В данном случае он подозрительно и странно посмотрел на юного астролога, как будто сомневаясь в том, правильно ли он понял его ответ.
- Боюсь, сэр, - сказал Мэннеринг, оборачиваясь к Сэмсону, - что вы принадлежите к тем несчастным, которым слабое зрение мешает проникнуть в звездные сферы и разгадать тайны, начертанные на небесах; недоверие и предрассудки заслоняют таким людям истину.
- В самом деле, - ответил Сэмсон, - я держусь того же мнения, что и Исаак Ньютон[47], кавалер, директор монетного двора его величества, что наука астрологии есть вещь совершенно пустая, легковесная и ничего не стоящая, - с этими словами он сомкнул свои широко разъятые, как у оракула, челюсти.

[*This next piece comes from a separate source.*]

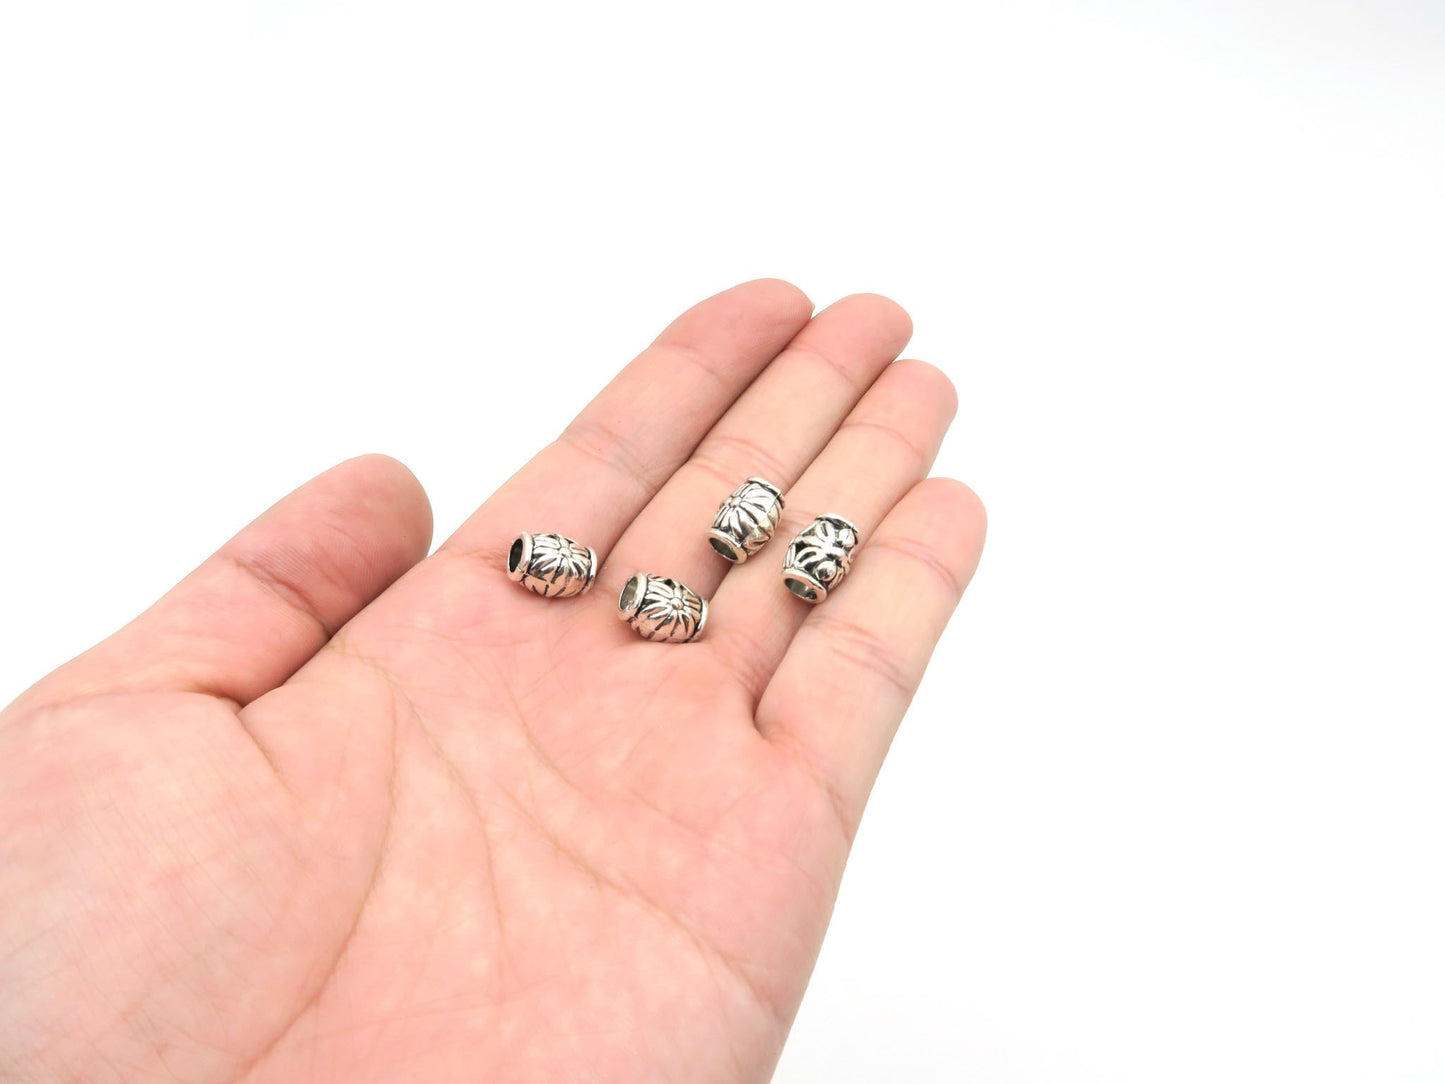 20 Pcs for 5mm round leather Antique Silver Flower bead jewelry supplies jewelry finding D-5-5-5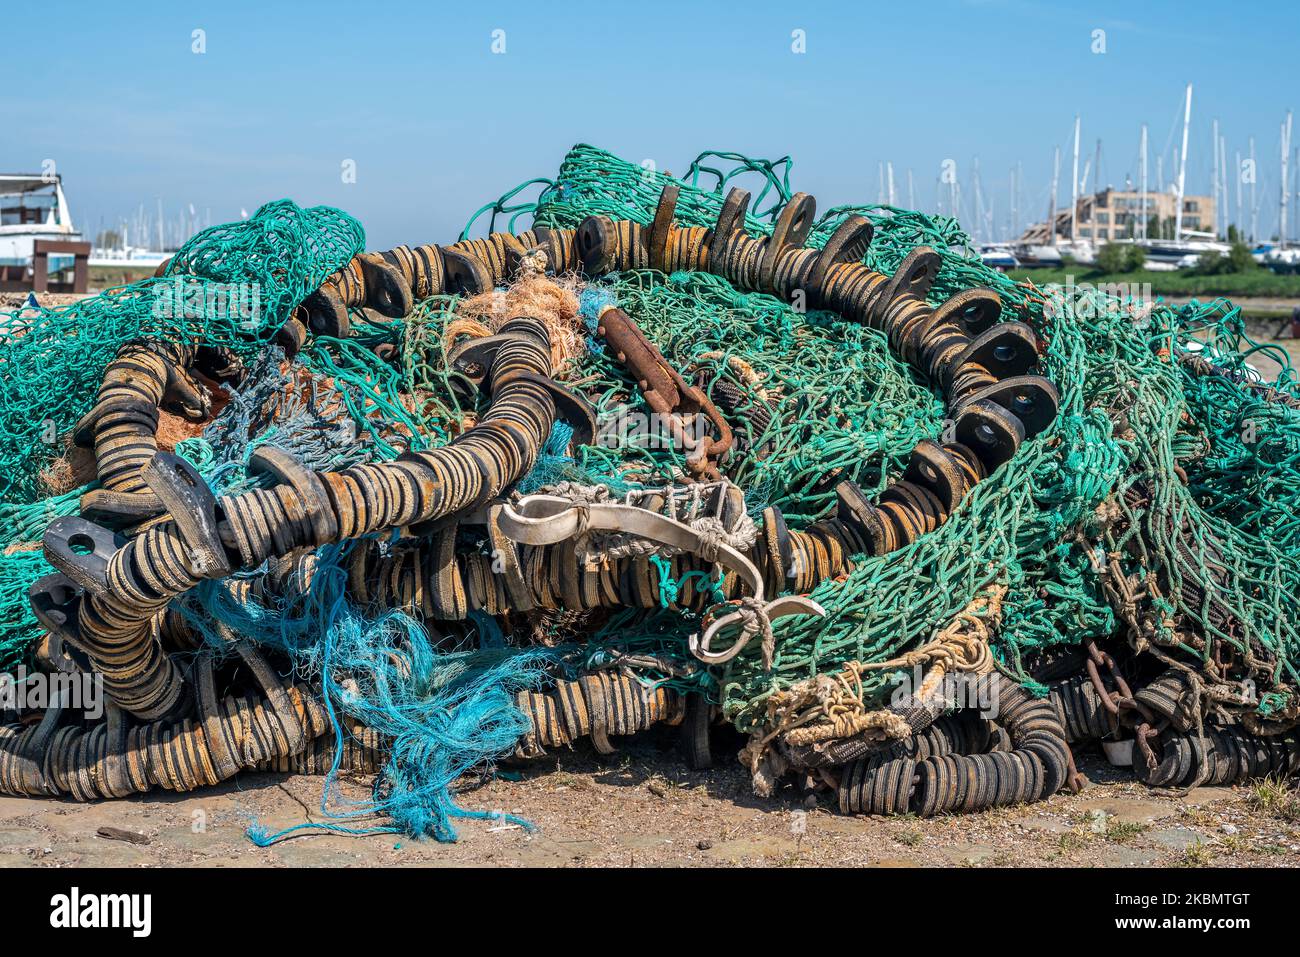 General view of abandoned fishing nets at the Nieuport (niewpoort) harbour along side the North Sea Belgian coast. As on 22 April 2020 the European Council adopts rules to help the European fishermen.New rules intended to mitigate the impact of the COVID-19 outbreak on the fishery and aquaculture sector. The new rules take the form of amendments to the regulation on the European maritime and fisheries fund (EMFF) and the regulation on the common market organisation (CMO). They are expected to enter into force by the end of the week. 23 April 2020 Jonathan Raa / Nurphoto (Photo by Jonathan Raa/ Stock Photo

- Право же, - возразил ему Мэннеринг, - мне очень грустно видеть, что человек вашего ума и образования впадает вдруг в такое удивительное заблуждение и слепнет. Может ли сравниться коротенькое, совсем недавно получившее известность и, можно сказать, провинциальное имя Исаака Ньютона со звучными именами таких авторитетов, как Дариот[48], Бонат, Птолемей[49], Хейли, Эцтлер, Дитерик[50], Найбоб[51], Харфурт, Заэль[52], Таустеттор, Агриппа[53], Дурет[54], Магинус[55], Ориген[56] и Арголь[57]? Разве не все, как христиане, так и язычники, как евреи, так и правоверные, как поэты, так и философы, - разве не все они признают влияние звезд на судьбу?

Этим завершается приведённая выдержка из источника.